= Trunkline Pipeline =

Natural gas pipeline system in the United States

Trunkline Pipeline is a natural gas pipeline system which brings gas from the Gulf coast of Texas and Louisiana through Mississippi, Arkansas, Tennessee, and Kentucky to deliver gas in Illinois and Indiana. It connects to the Henry Hub, Egan Hub, and Perryville Hub. The total length of the system is 3059 mi and its capacity is 1.5 e9cuft/d. It is operated by Trunkline Gas Company, a subsidiary of Energy Transfer Partners. Its FERC code is 30.

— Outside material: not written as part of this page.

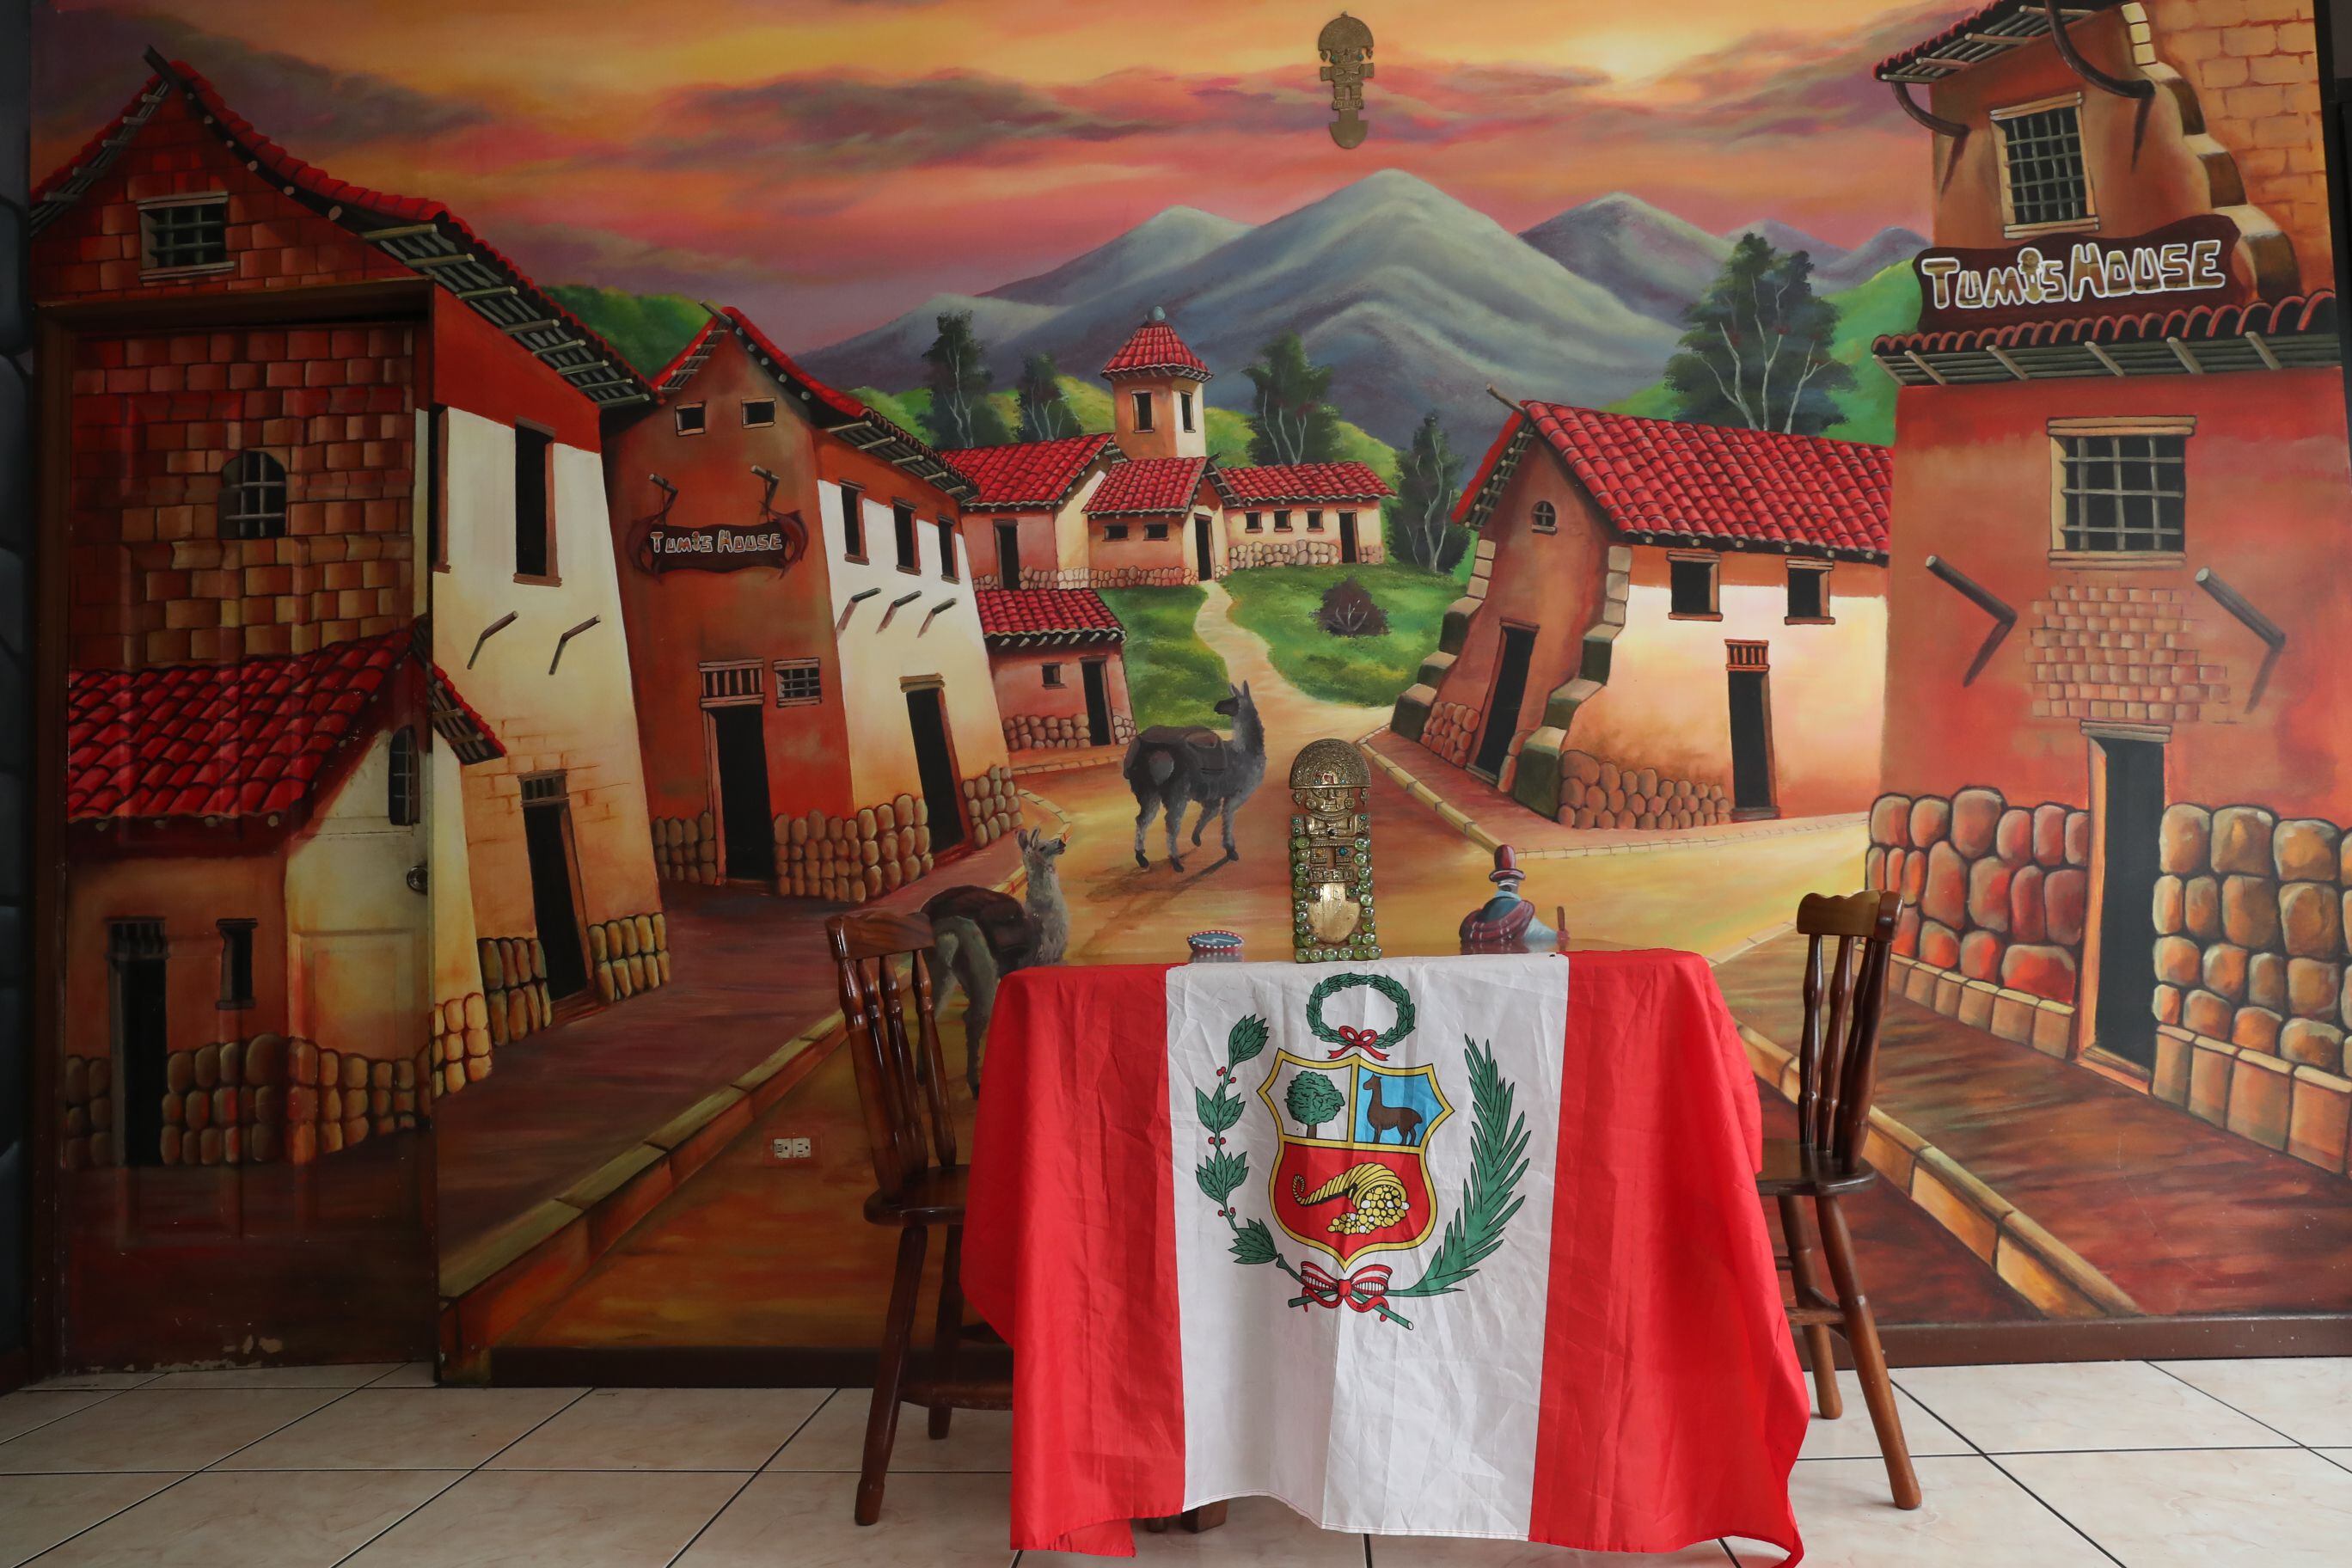 La decoración es bastante original y muy apegada a la cultura peruana.

The pipeline project started when on March 12, 1947, independent owners of South Texas gas reserves incorporated Trunkline Gas Supply Company. In 1949–1950, the project was taken over by Panhandle Eastern energy company.

In 1998, the pipeline was acquired by CMS Energy from Duke Energy, which absorbed Panhandle Eastern few years earlier.

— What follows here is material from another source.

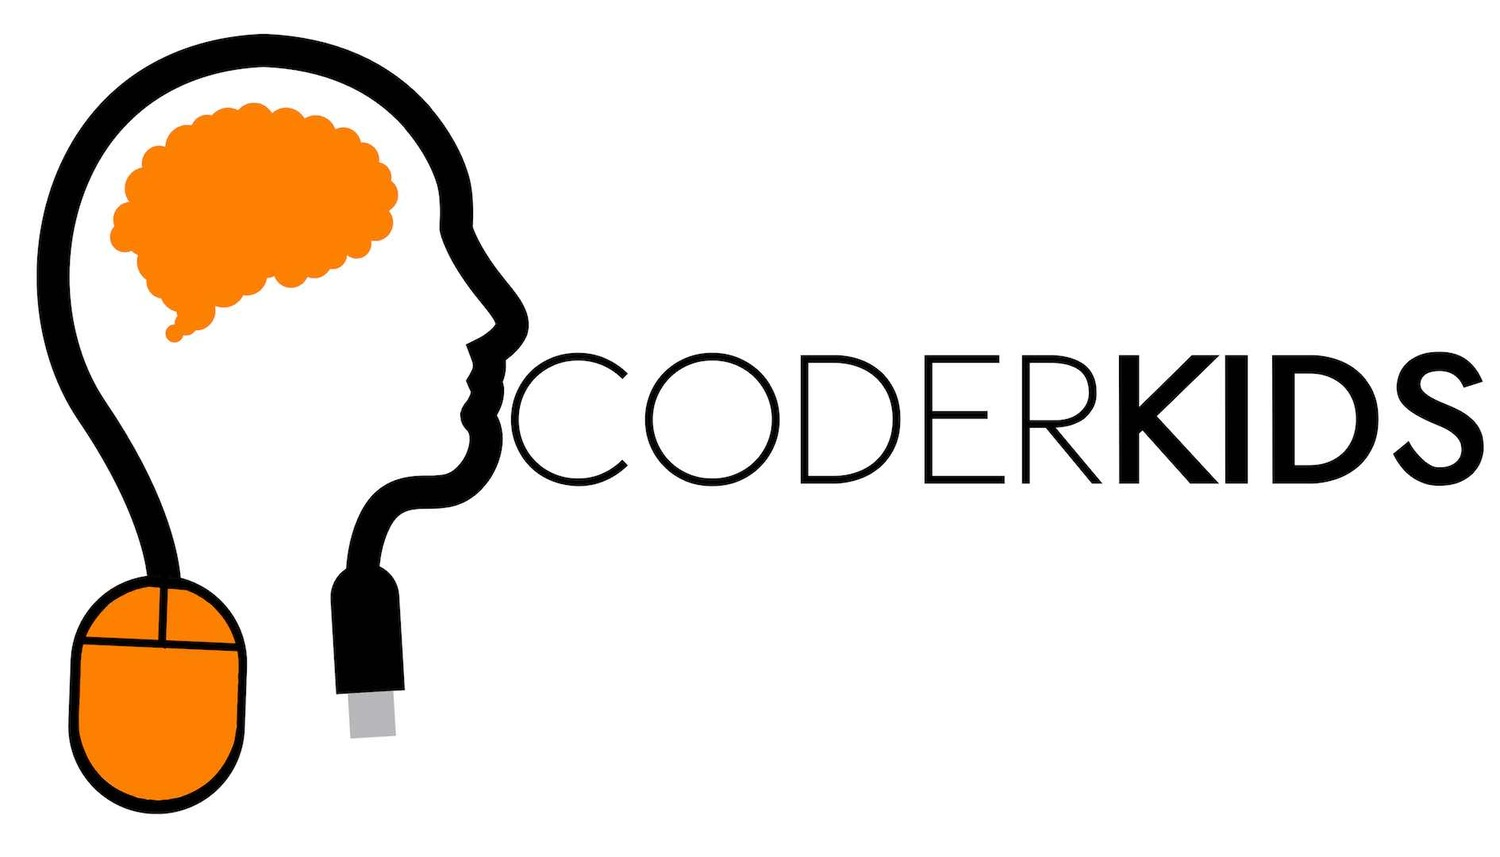 Coder Kids

In 2012, it was announced that a 770 mi section of the pipeline will be converted to crude oil pipeline to transport Canadian and Bakken oil from Patoka, Illinois, to St. James, Louisiana. This project was cancelled. In 2014, the Energy Transfer Crude Oil Pipeline Project (ETCOP) was announced. ETCOP will use 678 mi of the existing 30 in Trunkline, which will be converted and reversed. In addition, 66 mi of new pipeline will be built. In Patoka, the ETCOP will be connected with the Dakota Access Pipeline. The pipeline runs through Illinois, Kentucky, Tennessee, Mississippi, Arkansas, and Louisiana, and its terminus will be near Nederland, Texas. The pipeline will have a capacity of 450000–570000 oilbbl/d.